One memory is the summer of 1980. I was traveling Europe after graduation and everywhere we went, people wanted to know two things: How hot is it in Texas?? (We were in the infamous record-holding heat wave that summer) and "Who Shot JR?" I didn't watch Dallas but Europe was OBSESSED! I missed all soaps that summer but when I got to college that fall, Luke and Laura were on the lam on General Hospital. I'll never forget this girl running out of the dorms into the street in utter shock to announce to the world that the woman who had befriended Luke and Laura WAS A MAN!! I had to go in and check it out. The dorm lounge had erupted!
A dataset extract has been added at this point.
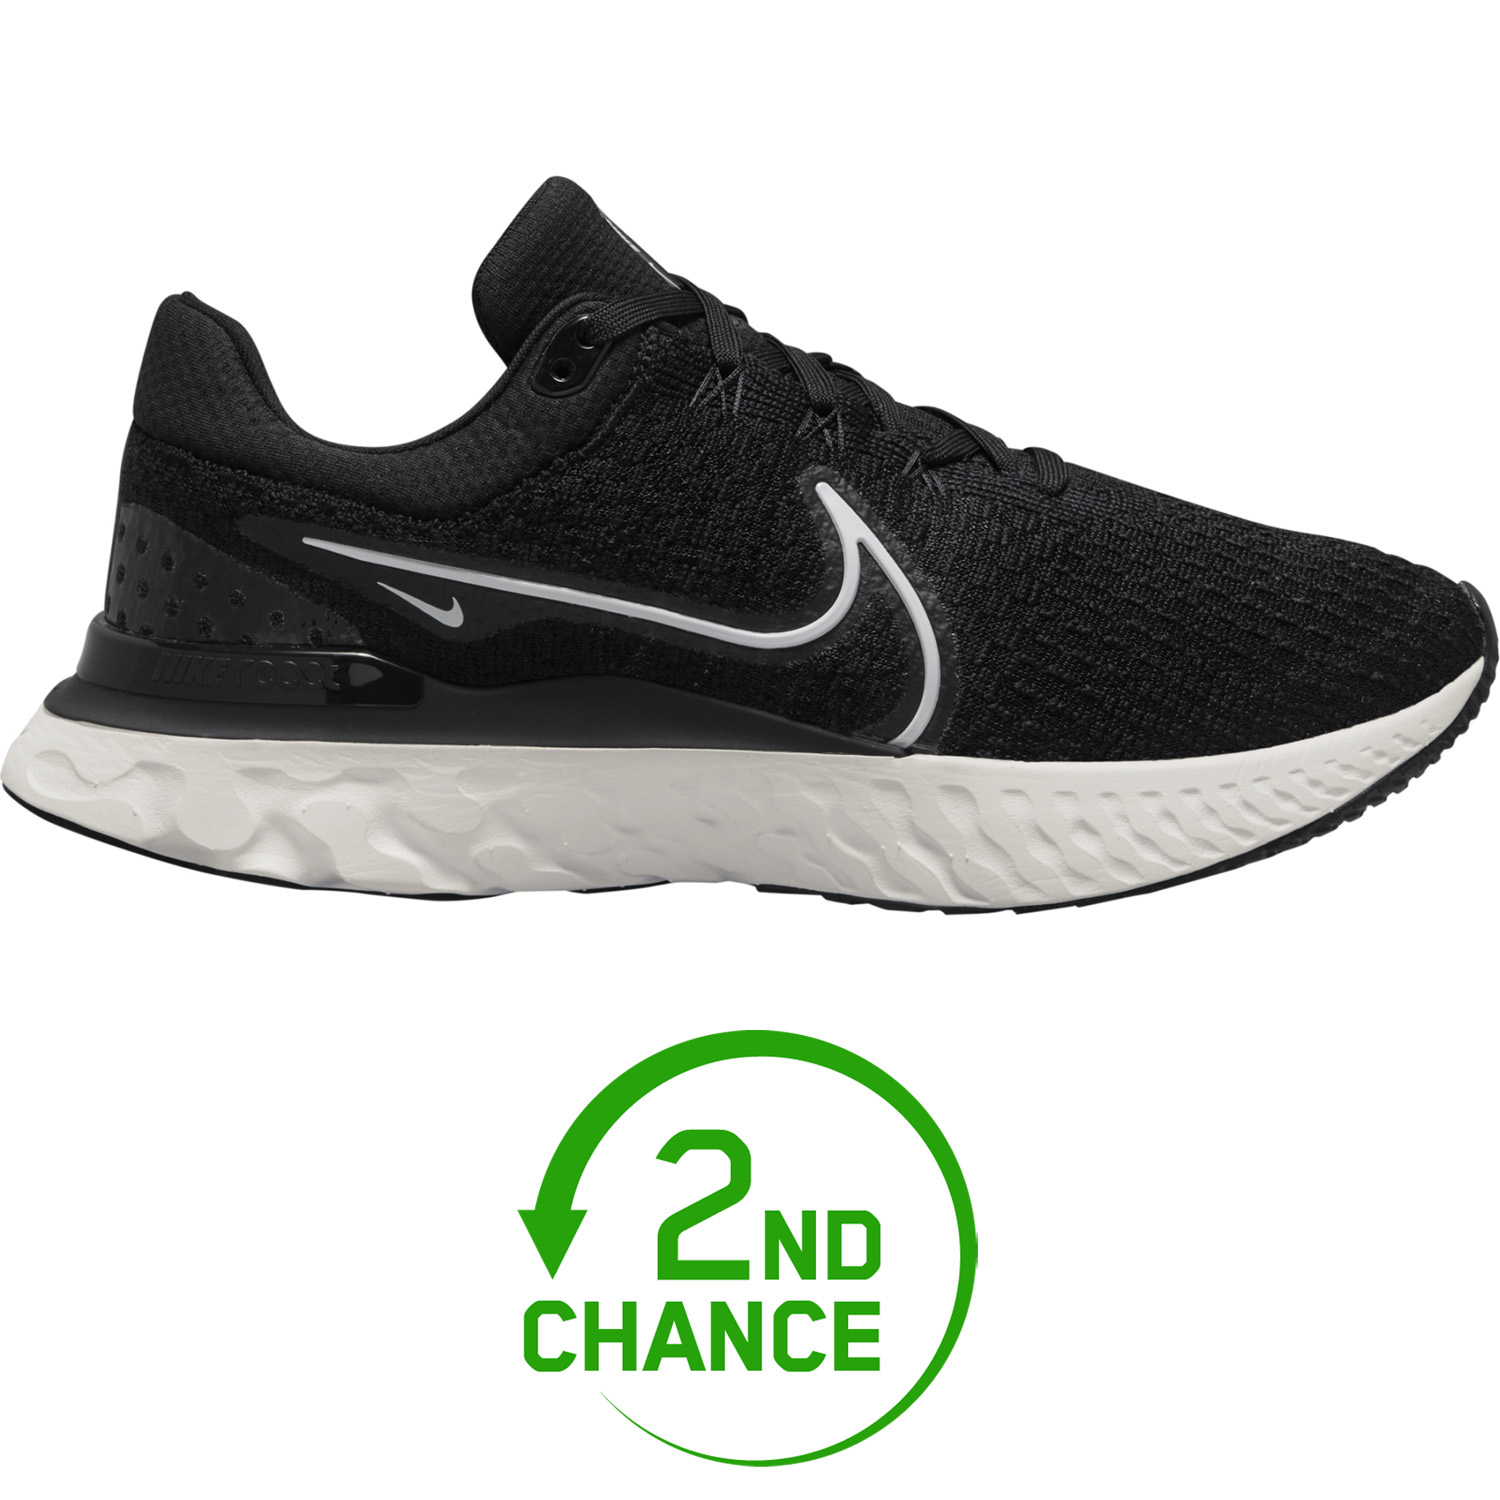 Immagine prodotto da Nike Scarpe da corsa Uomo - React Infinity Run Flyknit 3 - nero/bianco DH5392-001 - B-Stock

And finally, as a very young mother of an infant and toddler, I came to the realization that my whole day had become consumed by soaps. I watched from 10 to 3 every day and thought about those characters more than I considered my own life. I wasn't dressing. I was stuck. So I quit cold turkey and never went back. The shame wasn't the derision from others but it was that I had become subsumed and depressed and had to fight my way back to life and to my children. Life after soaps became my life, not the lives of fictional characters.

Eva Zeller's avatar

One of my earliest memories is hearing the theme song from Y&R (the 1970s plink-plink-plink-plink version) while curled up behind my mom's knees on the sofa as we both settled in for an afternoon nap. I've checked in over the decades and there's something so comforting about seeing the same actors up to the same old dramas: infidelity, secret children, life threatening accidents.

Addie Walsh's avatar

I wrote soaps for 30 years. I started in the 80s when soaps were gold. Huge audiences. The OJ trial, the first reality show, was the reason soaps started to lose audience and we never got them back.

joan Turkell's avatar

Love the tribute to Mary Hartman!

When I lived in croton on Hudson we use to visit rhinebeck!

I was brought back in time!

Sari Botton's avatar

Nice. I love Upstate Films.

Sue Kusch's avatar

I have fond memories of watching The Young & Restless on summer mornings in the 70s with my mom. Over the next 50 years, we both continued to watch it and occasionally chatted about the current plot and characters.

There is a lot of bias and dismissal of soap operas, and even a sense of shame is lodged at a fan who confesses to watching them. I worked in higher education for 20 years, and on a trip to a colleague's cabin, I discovered her watching the previous day's recording of All My Children early in the morning. An academic librarian, she was immediately embarrassed until I shared my secret viewing habit. We laughed and discussed our soap opera history. But she made me promise never to disclose our secret to anyone at our college.

I continue to watch the series several times a week, now with a touch of nostalgia after my mom died in 2021. My days are busy with projects, growing food, preserving, and making. My one-hour guilty pleasure is to plop into my chair, pick up my knitting, and watch the latest episode. My partner is still shocked that I watch a soap and leaves the room when I turn it on.

Storytelling takes all forms.

I look forward to listening to the discussion.